Real-time Environment for Analytical Processing (REAP):  The REAP project's goal is to extend the Kepler scientific workflow system to fully integrate access to sensor networks. New capabilities will include the ability to include sensor data in workflows, monitor, inspect and control sensor networks, and simulate the design of new sensor networks. REAP is a collaboration among NCEAS, San Diego Supercomputer Center, UC Davis, OPeNDAP, UC Los Angeles, and Oregon State University Funded in 2006 by the National Science Foundation - Cyberinfrastructure for Environmental Observatories (CEOP) Program
FIRST Project:  The Faculty Institutes for Reforming Science Teaching (FIRST) project is developing new metadata standards for assessment in ecological education to facilitate the exchange of educational assessment data. Participants will be developing means for semantically describing assessment instruments to allow comparison of different assessment techniques. NCEAS is participating as a subcontractor on this project lead by researchers at Michigan State University. Funded in 2006 by the National Science Foundation
Jalama: Capturing Data in the Field:  Jalama, developed jointly with scientists at the Marine Science Institute  at UCSB, investigated how rich metadata can be used to develop flexible, easy to use forms for data entry in lab and field environments for ecology. Research focused on clarifying how to automate the creation of effective user interfaces for data collection. Software products from the project target both desktop and handheld computers. Funded in 2002 by the National Science Foundation - Biological Databases & Informatics program DBI-0131178
UC Natural Reserve System Data Registry  (NRS): The University of California Natural Reserve System  contributes to the understanding and management of the Earth and its natural systems by supporting university-level teaching, research and public service at protected natural areas throughout California. NCEAS collaborates with the NRS in building an information management system that facilitates research and education in the UC NRS. One of the major projects is the UC NRS Data Registry  , which is based on the KNB technologies. Funded in 1999 by the University of California
VegBank  - US National Vegetation Classification: The VegBank online data repository is being developed to store vegetation data in support of the US National Vegetation Classification. The system is comprised of three components used to archive vegetation plots data, plant taxonomic data, and vegetation community data.
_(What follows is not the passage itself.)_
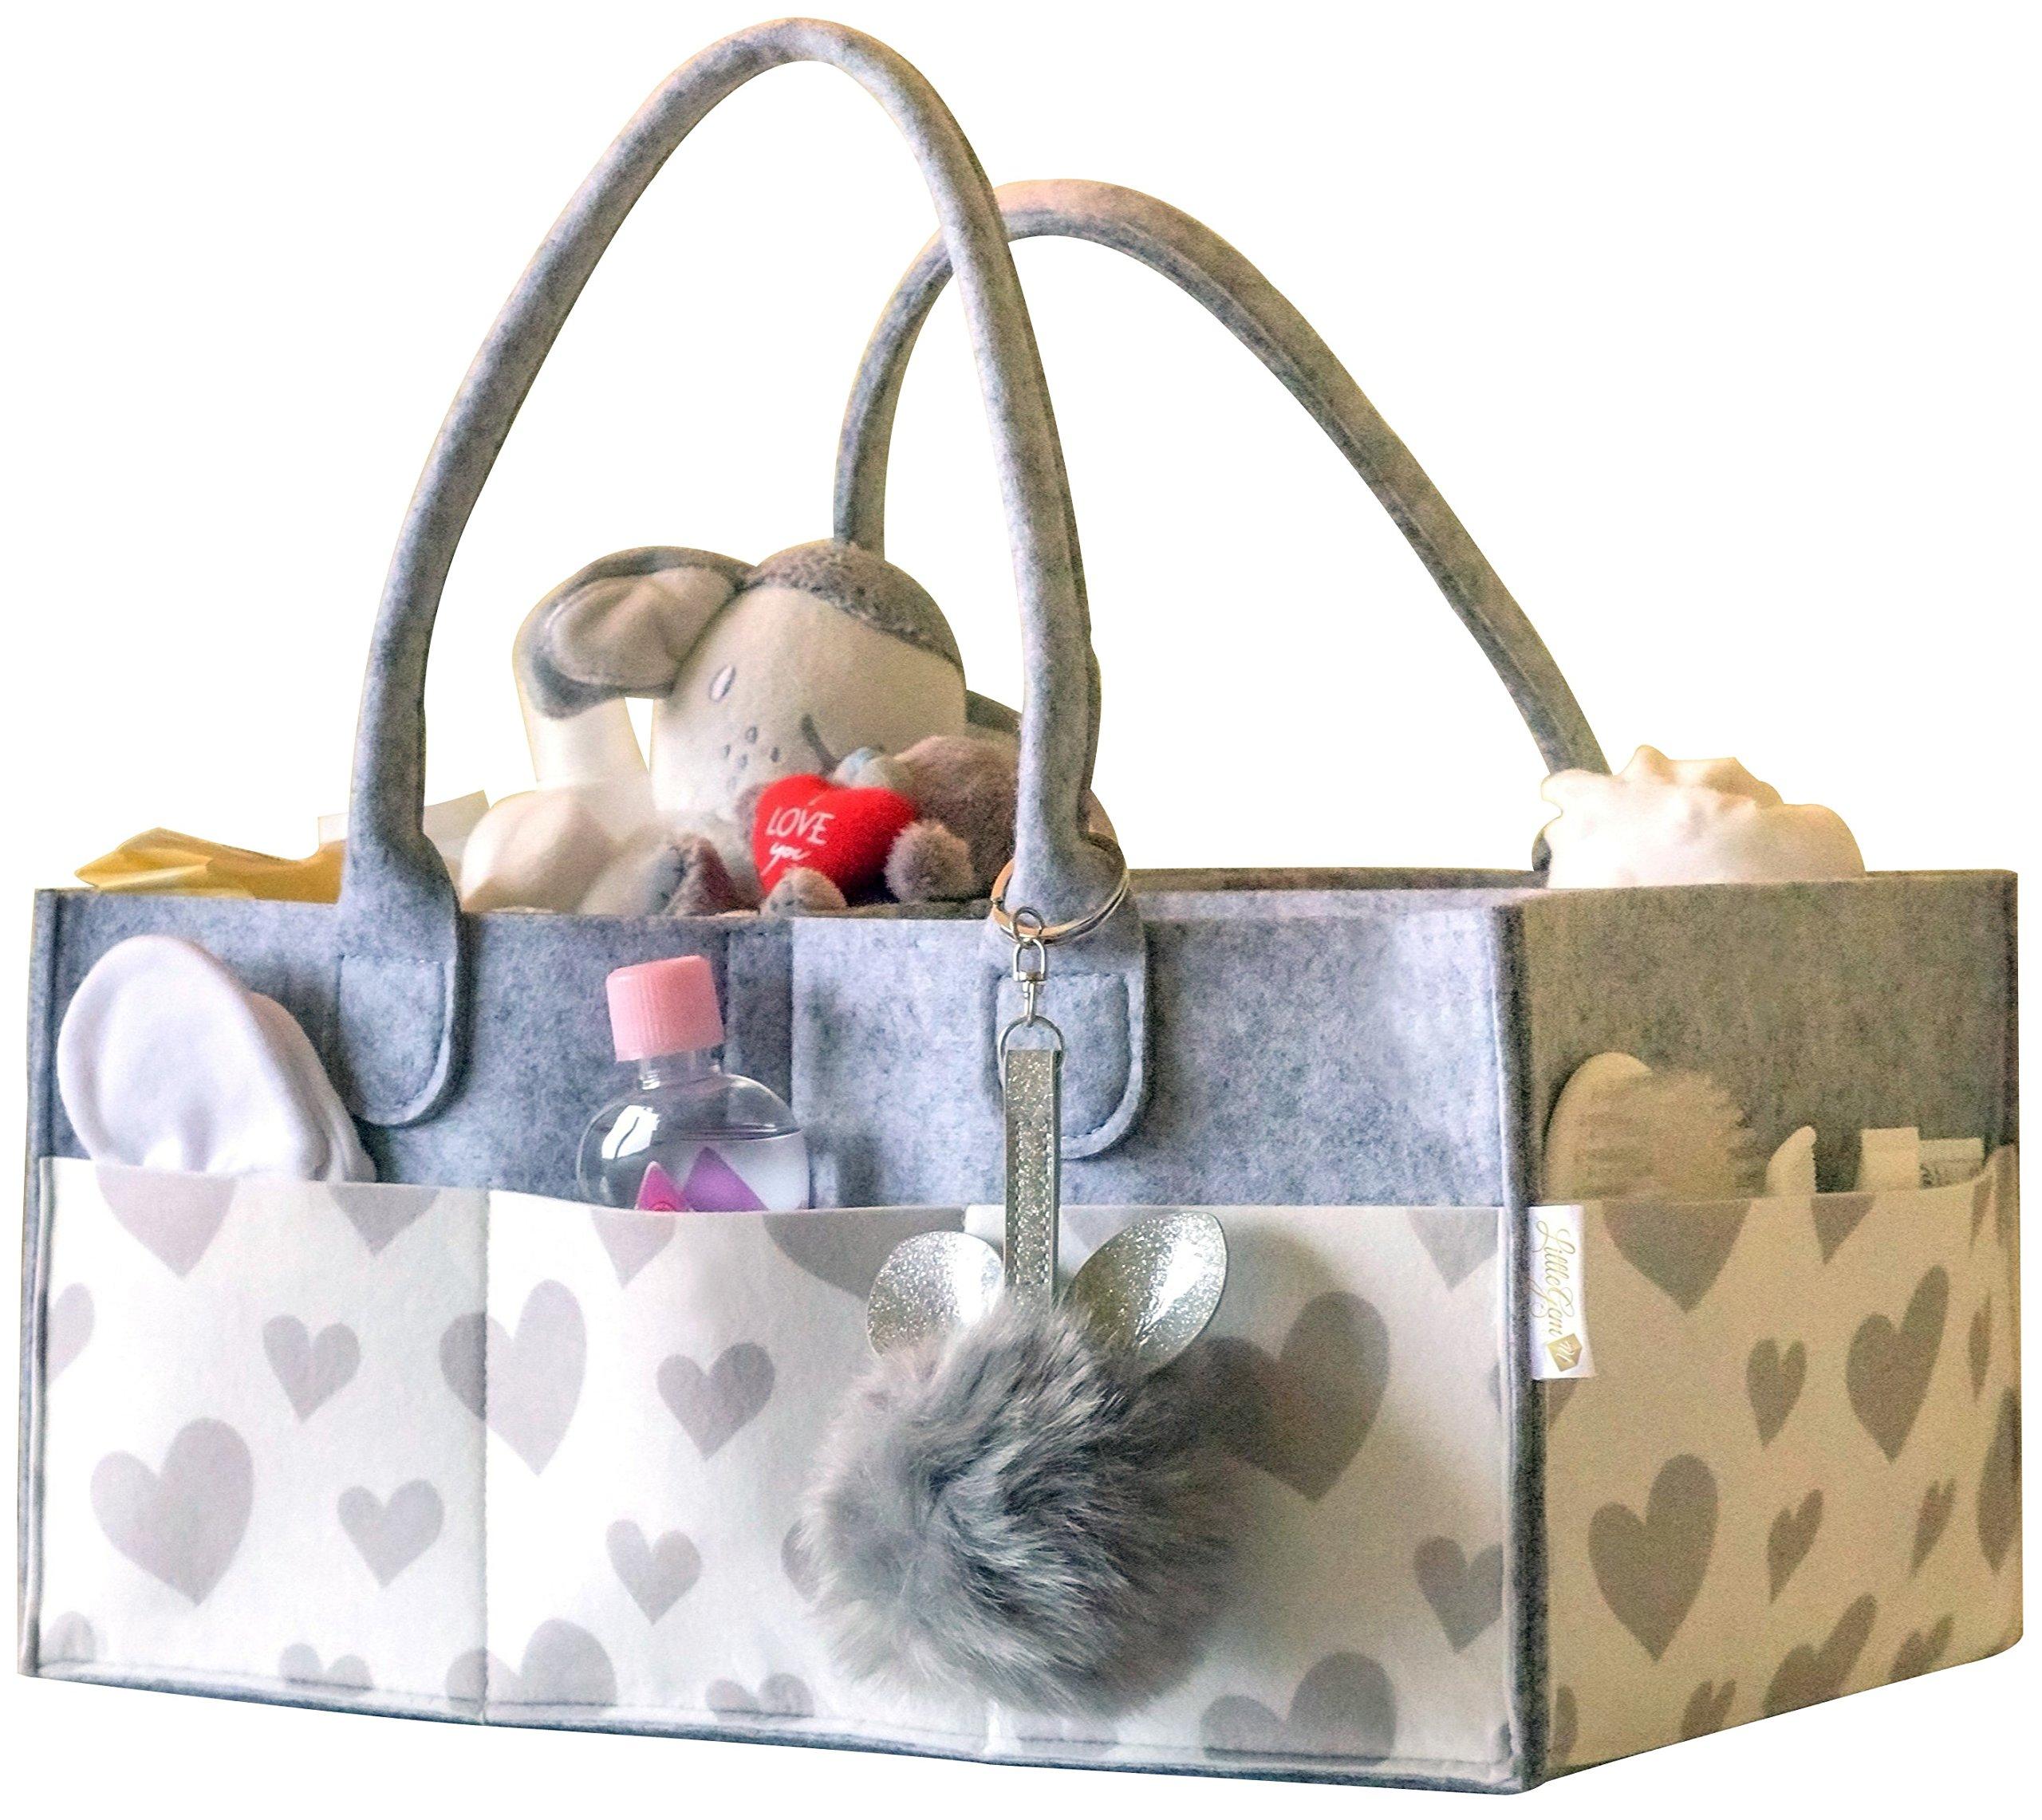 Littlegem4u Baby Diaper Caddy Organizer - Large Diaper Tote Bag   Portable Car Travel Organizer   Nursery Storage Bin   Toy Basket for Boys Girls   Baby Shower Gift   Newborn Registry Must Haves

Major programming efforts and technology infrastructure are located at NCEAS, in partnership with investigators at the University of North Carolina, and the Panel on Vegetation Classification, Ecological Society of America . Funded in 2000 and 2002 to the University of North Carolina by the National Science Foundation Biological Databases and Informatics Program DBI-0213794, DBI-9905838
Resource Discovery Initiative for Field Stations (RDIFS):  RDIFS Research Coordination Network (RCN) activities focus principally on enhancing the ecological informatics infrastructure for field biology and developing mechanisms for discovery of data and information resources that can facilitate research and education at North American biological field stations. These objectives are being accomplished through two integrated networking activities: (1) research that encompasses five inter-related resource discovery activities and (2) an intensive training component that provides field station personnel with a solid foundation in the computational and informatics skills that are critical for developing, archiving, managing, and communicating data and information resources. As part of the LTER-lead RDIFS effort, NCEAS has adapted tools from the KNB to create the Organization of Biological Field Stations Data Registry . LTER Network Office - funded in 2001 by the National Science Foundation - Research Collaboration Networks Program
NCEAS Data Repository  is a standards-based documentation of metadata and data from synthesis projects arising at NCEAS, based on KNB technologies.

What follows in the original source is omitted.